Features in Frama-C Nitrogen, part 1

Pascal Cuoq - 14th Oct 2011

Here is a series of posts that highlight interesting features in the recently released Frama-C Nitrogen 20111001. There is new functionality in Nitrogen, that we hope will entice both existing and prospective users. Other improvements yet will only have meaning for existing users. I will start off with two items from this second category.

Nitrogen compiles with OCaml 3.10.2.

The only non-optional dependency for compiling Nitrogen is an OCaml compiler. But which one? Despite a now long history, the OCaml language is still evolving relatively rapidly. We have never been happier with our choice of an implementation language: it is evolving in a direction that suits us, and it is evolving conservatively (compare Perl 6, PHP 5, Python 3, …). On the other hand, Frama-C is large and contains tricky code; the plug-in architecture with dynamic loading in general on the one hand, and the hash-consing programming technique on the other hand, are only two examples. It is large enough and tricky enough to reveal many of the subtle difference between any two versions of the OCaml compiler.

Nitrogen compiles with the latest version of OCaml, of course. That's 3.12.1 at the time of this writing. We already know that it won't compile as-is with the future OCaml 3.13 (a patch will be released in due time). Similarly, support for older versions has to be gained, version by version. If you have only written medium-sized OCaml programs, you could easily underestimate the difficulty of this. I was lucky enough not to have to deal with it much during this cycle, but some of my colleagues had to. It always is a struggle. Sometimes the equivalent of #define/#if constructs from C pre-processing would help, but this is not idiomatic in OCaml. Again, the only non-optional dependency for compiling Nitrogen is an OCaml compiler, so we won't use fine solutions such as Cppo.

For Windows and Mac OS X OCaml is not part of the operating system so we ship the version we like together with the binary package (if we make one). With Unix the issues are different: there are too many flavors for us to distribute binaries but there are efficient package systems and distributions to painlessly bring in required dependencies. Often Frama-C itself is packaged in binary or source form as part of these distributions thanks to the work of many volunteers. It may take some time for packages to be created for Nitrogen and some users do not want to wait. Linus Token for instance may rely on a computer he bought two years ago. Frama-C works fine on two-years old computers as seen in the next section. Linus installed his Unix distribution of choice when he bought his computer and now he expects Frama-C's sources to compile with the OCaml version from his distribution (OCaml programmers can be expected to have the latest OCaml compiler installed from its own sources but Linus is not an OCaml programmer). The Unix distribution installed two years ago was on average 3 months old at that time and it may have been frozen for stability 3 months before being released. For Linus Frama-C has to compile with a 2.5-year-old compiler. And then there are industrial users who like to trail a little bit on the Linux front but at the same time want all the latest Frama-C features. For Nitrogen we chose to retain compatibility with OCaml 3.10.2 released in February 2008 and all OCaml versions released since.

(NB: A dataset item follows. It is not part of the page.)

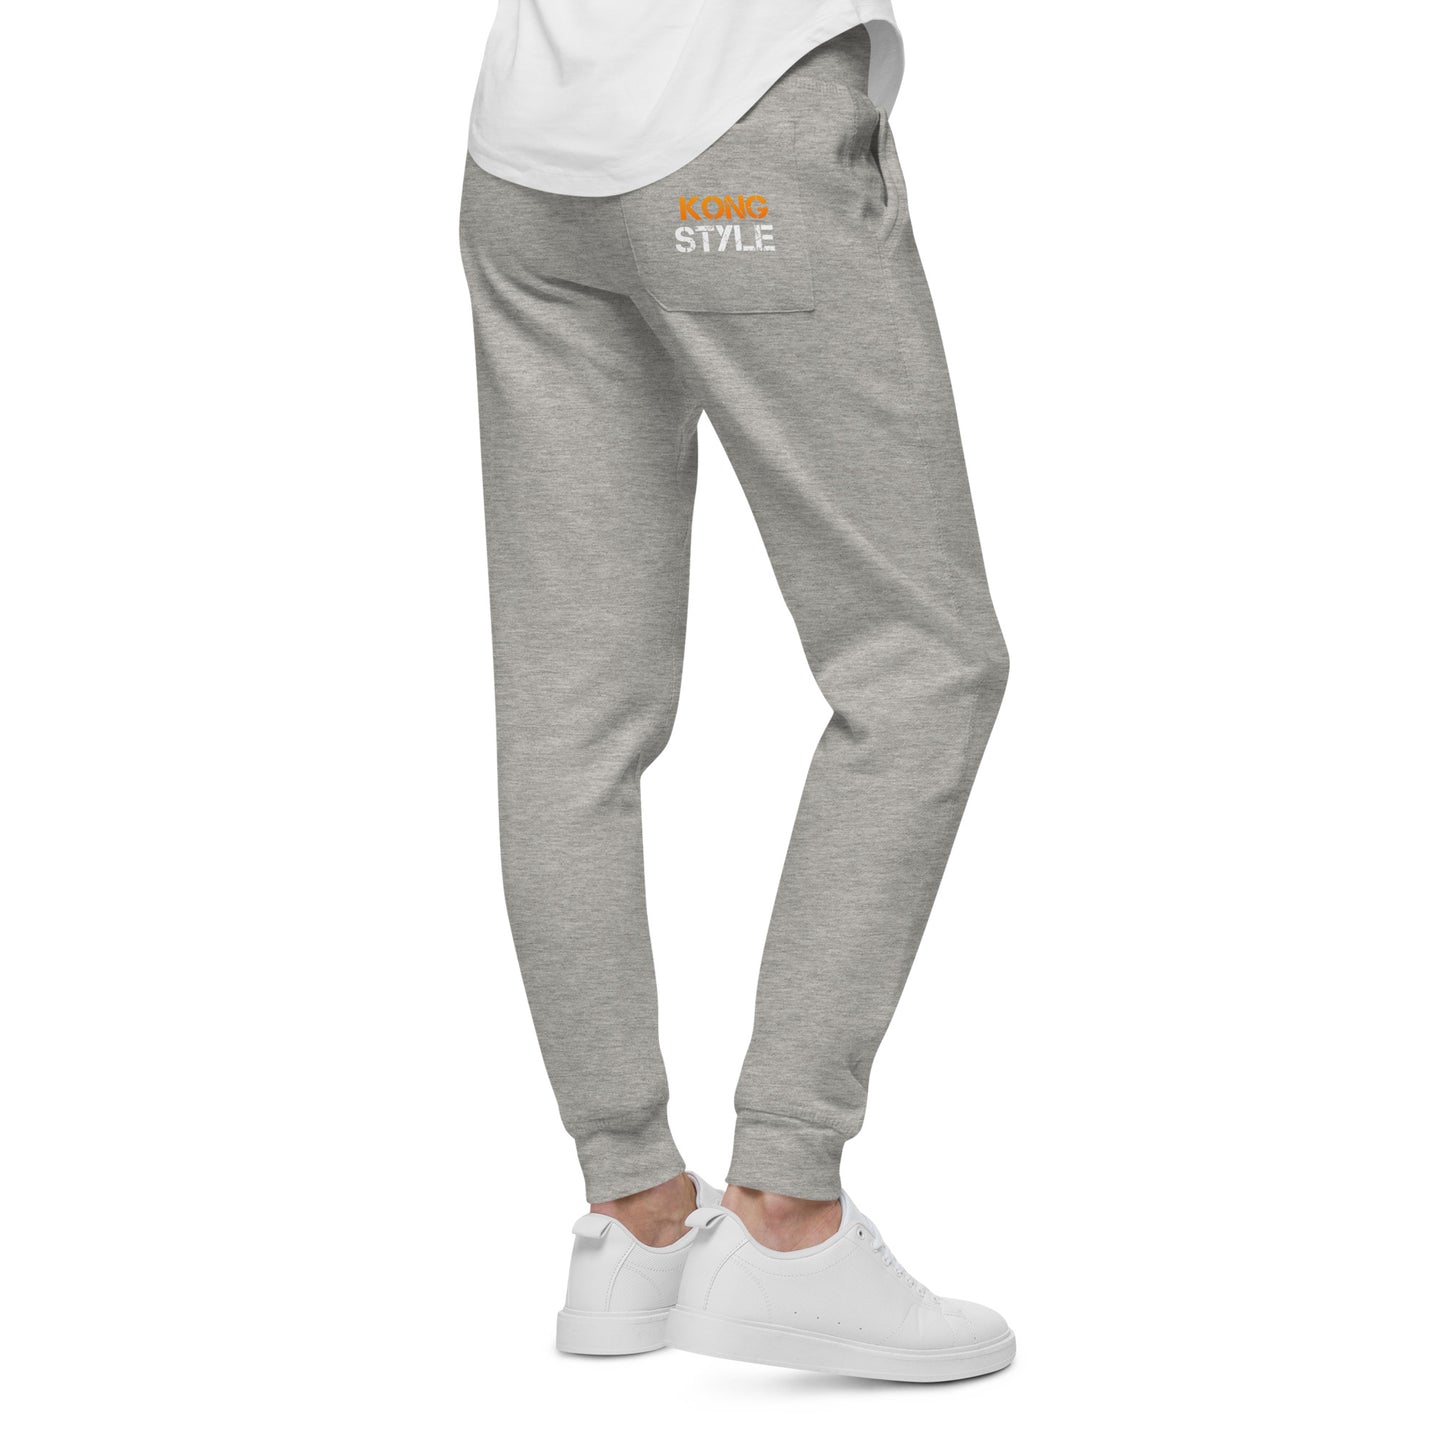 Kong Style Unisex fleece sweatpants

The value analysis is up to four times faster on realistic examples

The second Nitrogen feature I want to highlight today the value analysis' speed. Here is a quick and dirty comparison for programs that could already be analyzed with Carbon. There are new alarms and precision improvements in Nitrogen but I made sure that in this comparison the two versions were doing the same amount of work.

For this comparison I did not cherry-pick benchmarks. I looked for programs of varying sizes in the archives of the blog and used the three that came first having decided in advance that I wouldn't dismiss any results I didn't like. Each analysis was run three times and the median time was kept. This is on a Core 2 mobile processor and the frequency is pinned at 1.5GHz through CoolBook. In plain English the timings are for an oldish but not antiquated notebook.

The options I used were:

-slevel 1000 -val count.c
-slevel 10000 -val -no-results -cpp-command "gcc -C -E -m32 -Dprintf=Frama_C_show_each" sha1.c
-val -slevel 1000 -slevel-function main:0 *.c -cpp-command "gcc -m32 -C -E -I. "

The programs count.c and sha1.c came from this post. For sha1.c I had to disable the endianness detection code implemented with a switch to put the Carbon and Nitrogen versions on an equal footing. With the Carbon version there used to be a difficult choice to make in presence of switch remember? I could also have used option -simplify-cfg for the Carbon execution but then the analyzers would not have been analyzing exactly the same program. The Skein-256 example is the verification that an arbitrary number of calls to Skein_256_Update(... 80) never cause a run-time error using Josh Ko's instrumentation.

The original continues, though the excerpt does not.